After years as an art critic in print publications, Charlotte Higgins has announced that she is becoming a full-time blogger.

So after four years as this paper’s arts correspondent, a reporter who tried to fit blogging in around the edges of my life, I’m about to move online. From this week, blogging will take its place at the heart of what I do. Why, apart from all of the above? Well, as a form, the blog is fantastically elastic – a quality that cannot fail to be seductive to a writer. Everything is up for grabs. A blog can be everyday, whimsical, deeply serious or all three; it can be published instantly (clearly a boon to journalists); it can be experimental.

Alex Ross, the classical music critic of the New Yorker who blogs at therestisnoise.com, has described his own gradual discovery, some years back, of blogs that weren’t just repositories for trivia about Star Wars (not that there’s anything wrong with that), but which contained serious writing about music. There was Jeremy Denk, for example, a professional pianist who, aside from posting hilariously eccentric pieces about yoghurt or waiting in airport queues, also offered in-depth musicological analyses of work he was approaching as a performer, alongside musical quotations and sound files. Ross has said he found the tide of these blogs by performers particularly intriguing, as potentially distant figures were gradually demystified through their presence online…

This new journey is not one that will be undertaken in isolation, but in the company of you, the readers. I don’t expect this to be a comfortable ride. For a long time, journalists have been largely insulated from the direct reactions of readers, and to find your loose arguments or baggy thinking being painfully held to account can be a shock to the system. On the whole, I’ve found this part of the experience a rewarding one. Who wouldn’t want a stream of ideas and arguments to come their way? The benefits of conversation and community outweigh any demerits; I’d rather be in the thick of things than loftily dispensing words into an apparent vacuum.

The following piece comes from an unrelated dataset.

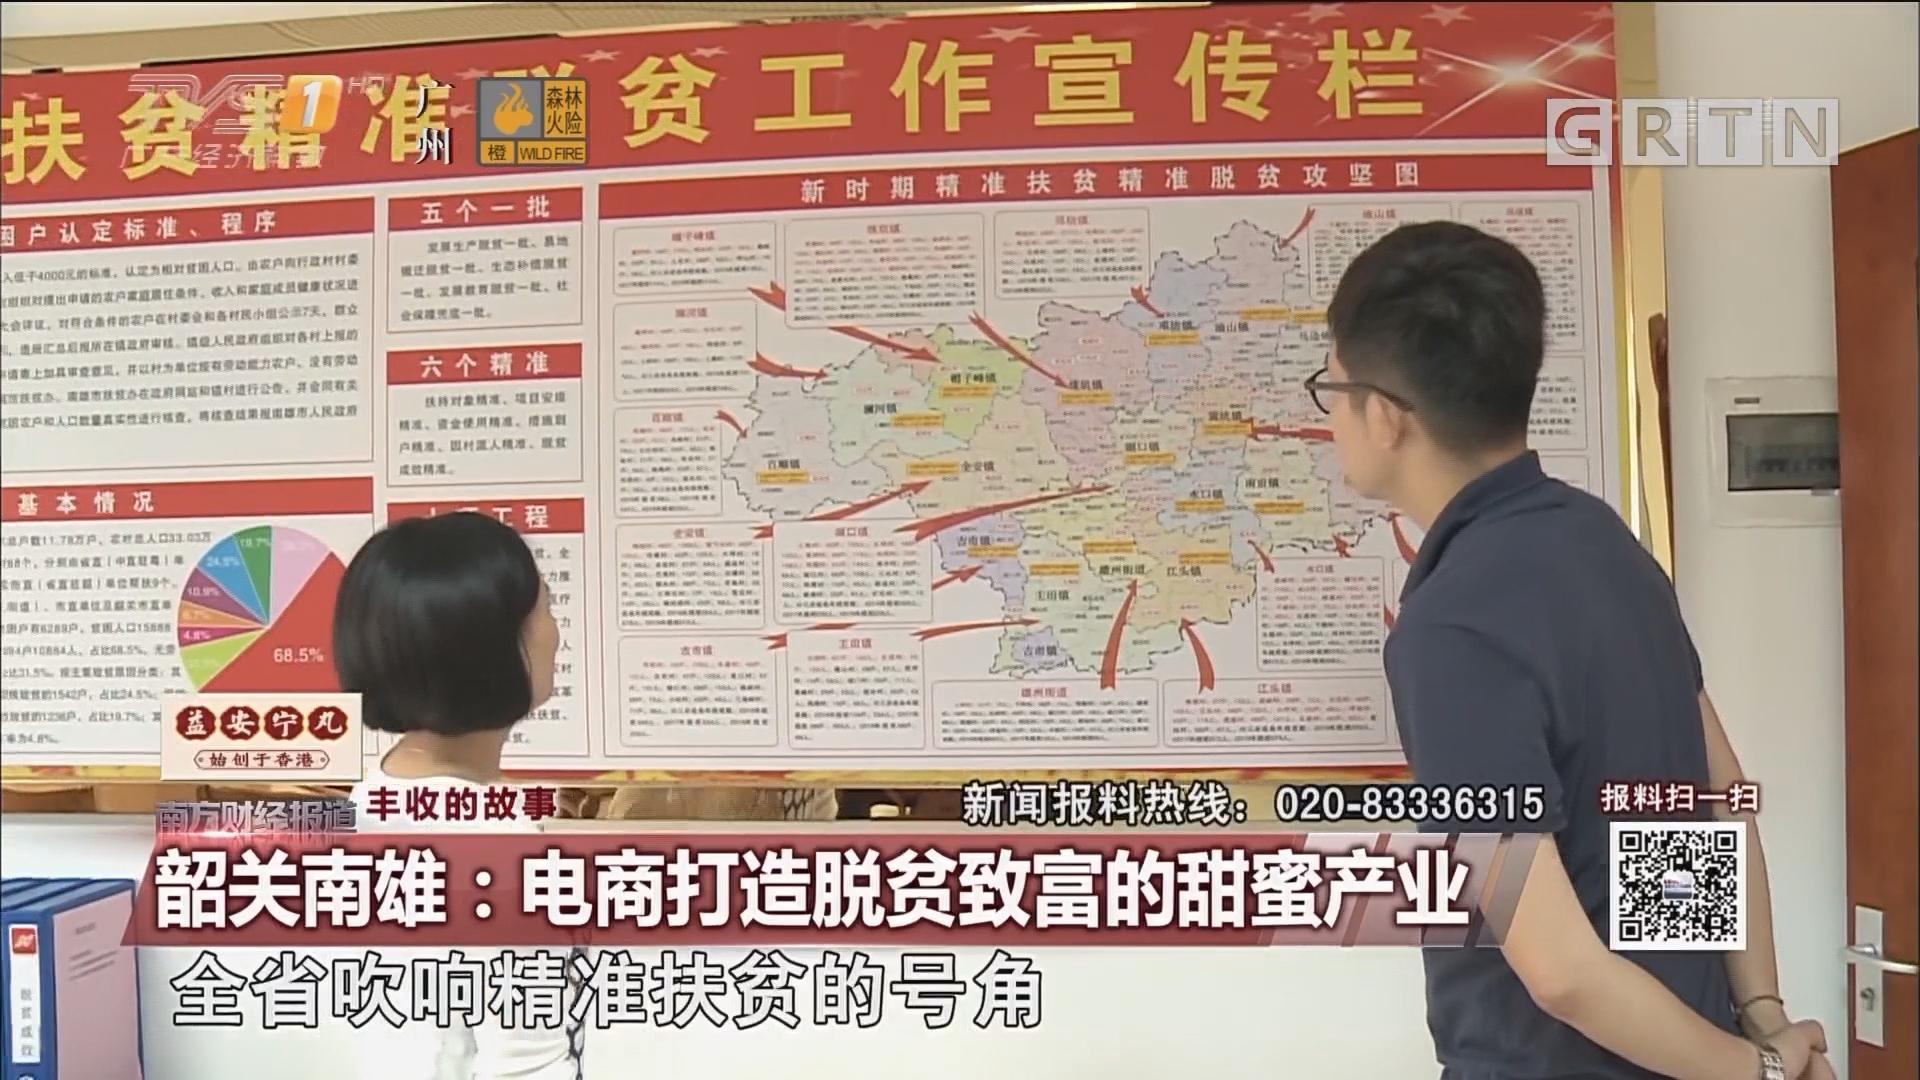 丰收的故事 韶关南雄:电商打造脱贫致富的甜蜜产业(一)

My blog is, of course, a small and extremely insignificant part of a revolution in the arts, and in the way newspapers now cover them. One consequence has been the ongoing debate about the status of “amateur” bloggers compared with the work of “professional” critics: will bloggers make critics redundant? Will critics increasingly fetch up as bloggers? In the US, this debate has been accompanied by the sacking of an enormous number of arts reviewers from newspapers. But I don’t think the two are polar opposites. For a start, many bloggers are professional critics, not least Ross and his colleague at the New Yorker, pop critic Sasha Frere-Jones; and not all professional critics offer uniformly excellent criticism.

When I wrote about the RSC shows, one of the cast said: “It’s like being reviewed as we go through.” I was shocked: I felt I was offering a response, as valid as anyone else’s – but, bluntly, not as a reviewer. Everyone can offer a response to an artwork; real criticism requires knowledge, experience, time, literary skill and insight. I see no signs that criticism is under threat in the UK, and if ever it were I would be the first to the battle line. For now, though, I am very happy to be breaking down boundaries, stepping on toes, genre-bending and throwing everything up in the air – all in a blog.